■ Dataset section ■
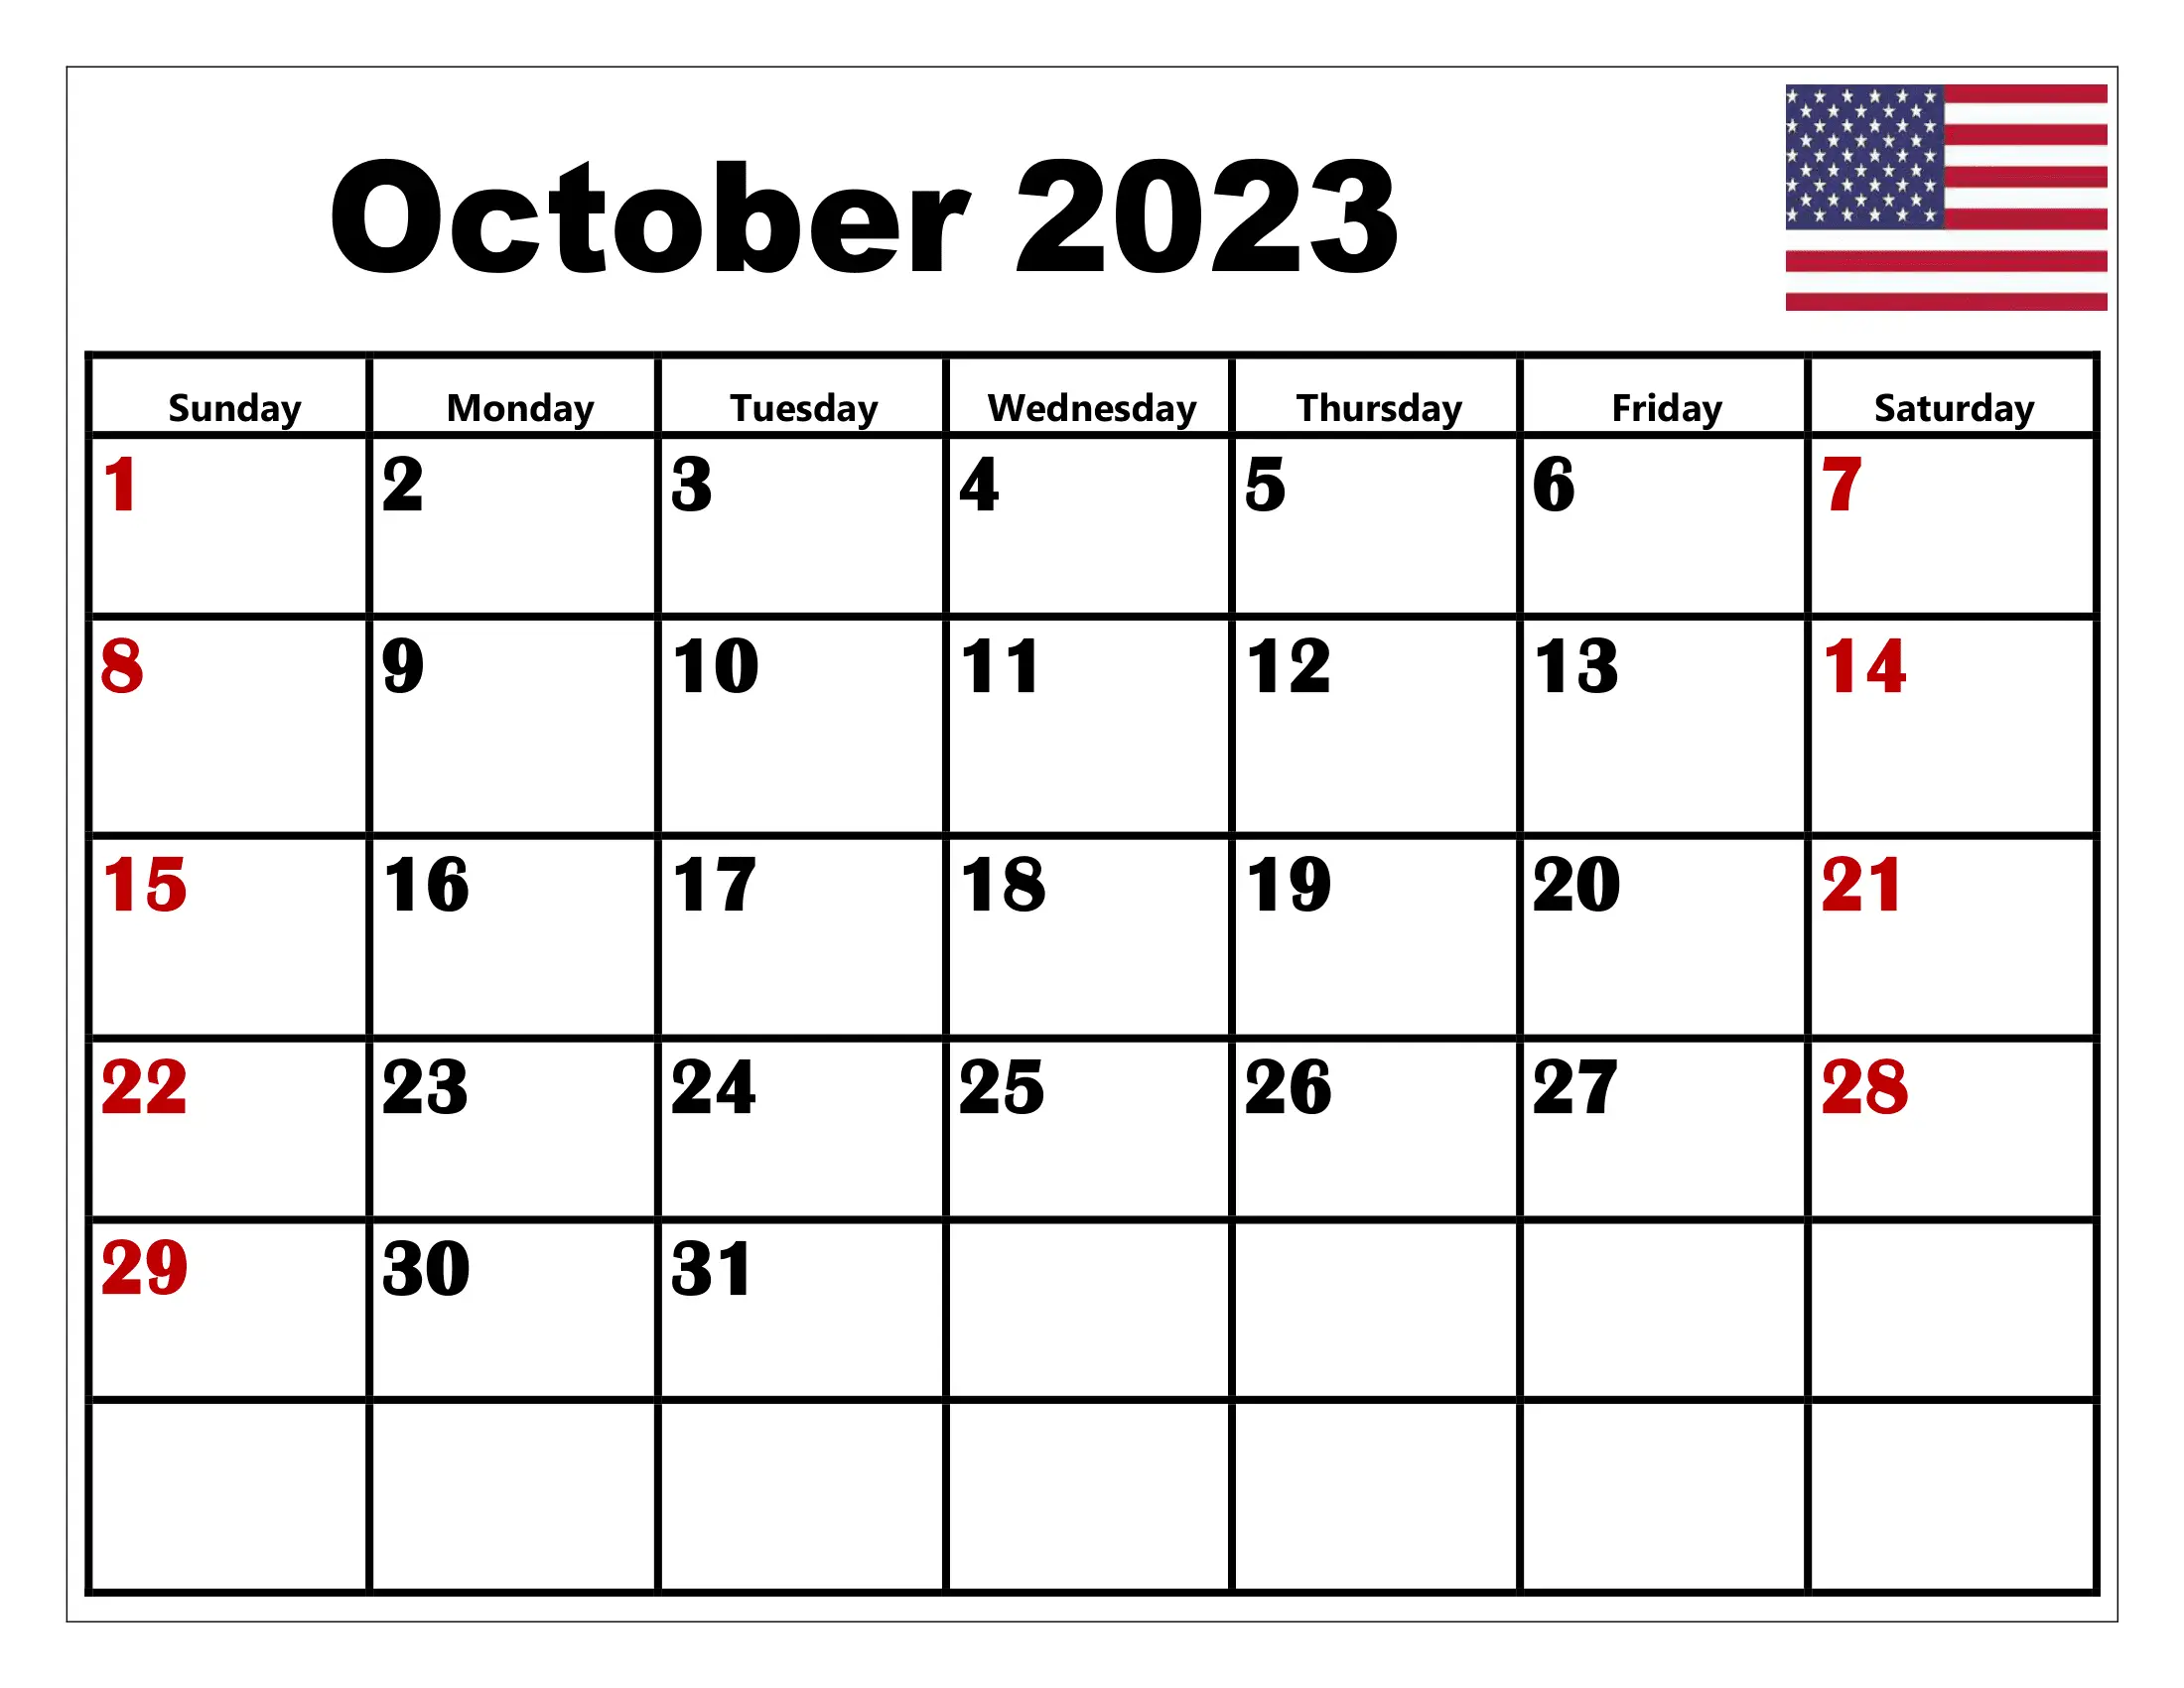 October 2023 Calendar With US Holidays
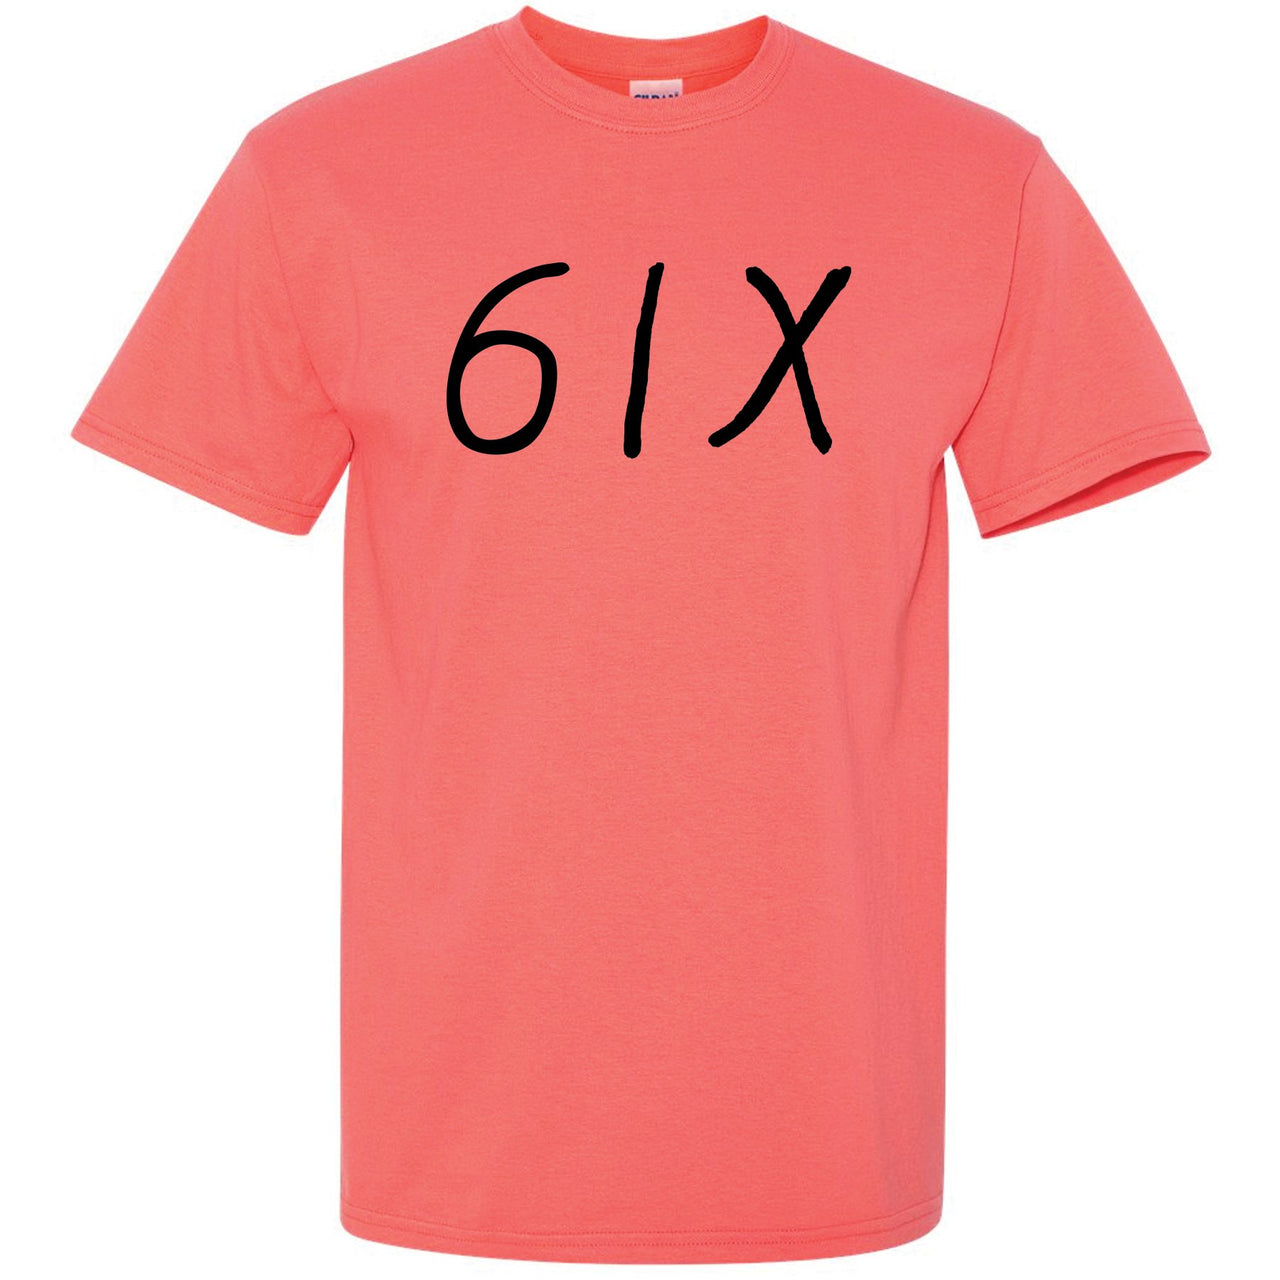 Infrared 6s T Shirt | 6ix, Infrared
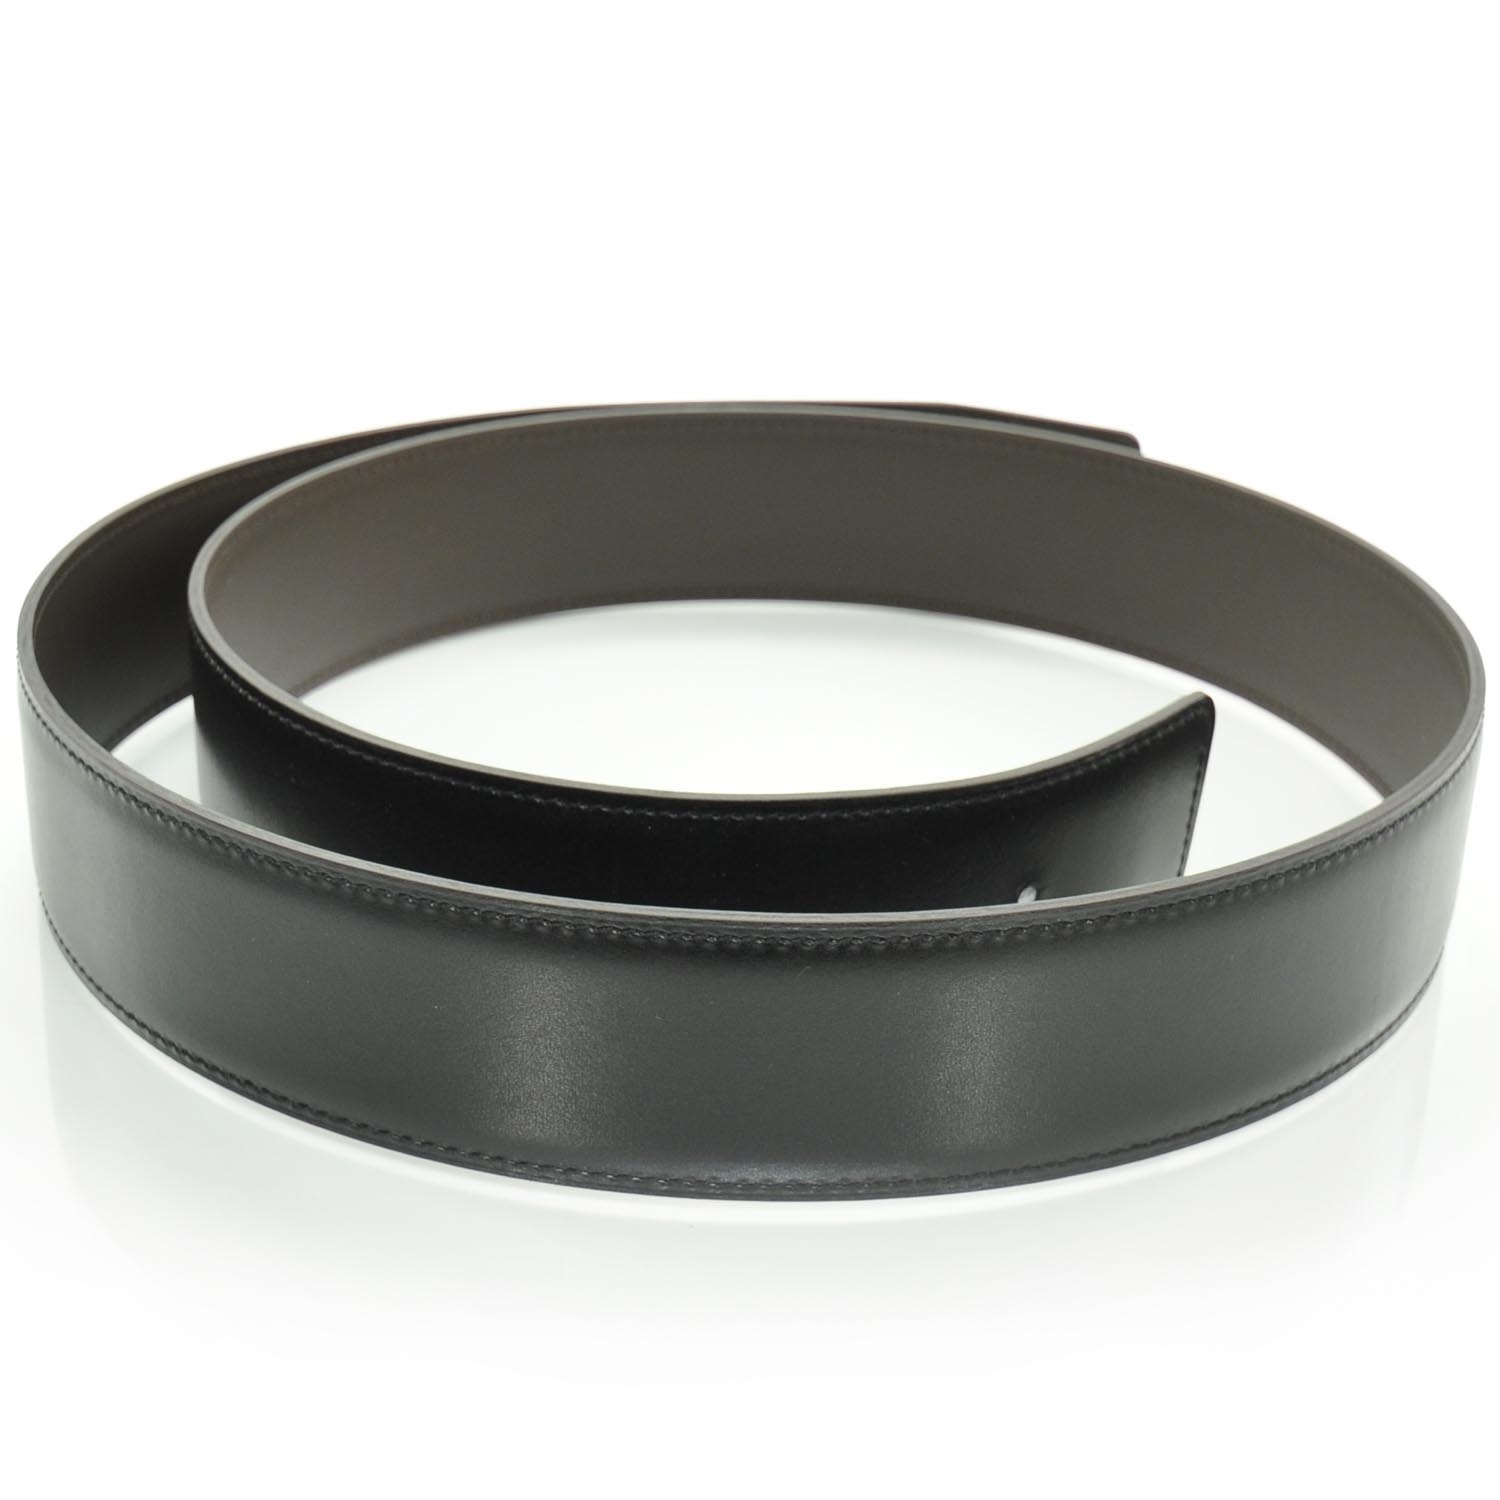 HERMES Leather Reversible Belt Strap 100 Black and Brown 25113

■ The task ■
Final stretch of the data: repeat exactly each line from the one containing "Infrared 6s T Shirt | 6ix, Infrared" through the last, and omit all pictures.

■ Final answer ■
 Infrared 6s T Shirt | 6ix, Infrared
 HERMES Leather Reversible Belt Strap 100 Black and Brown 25113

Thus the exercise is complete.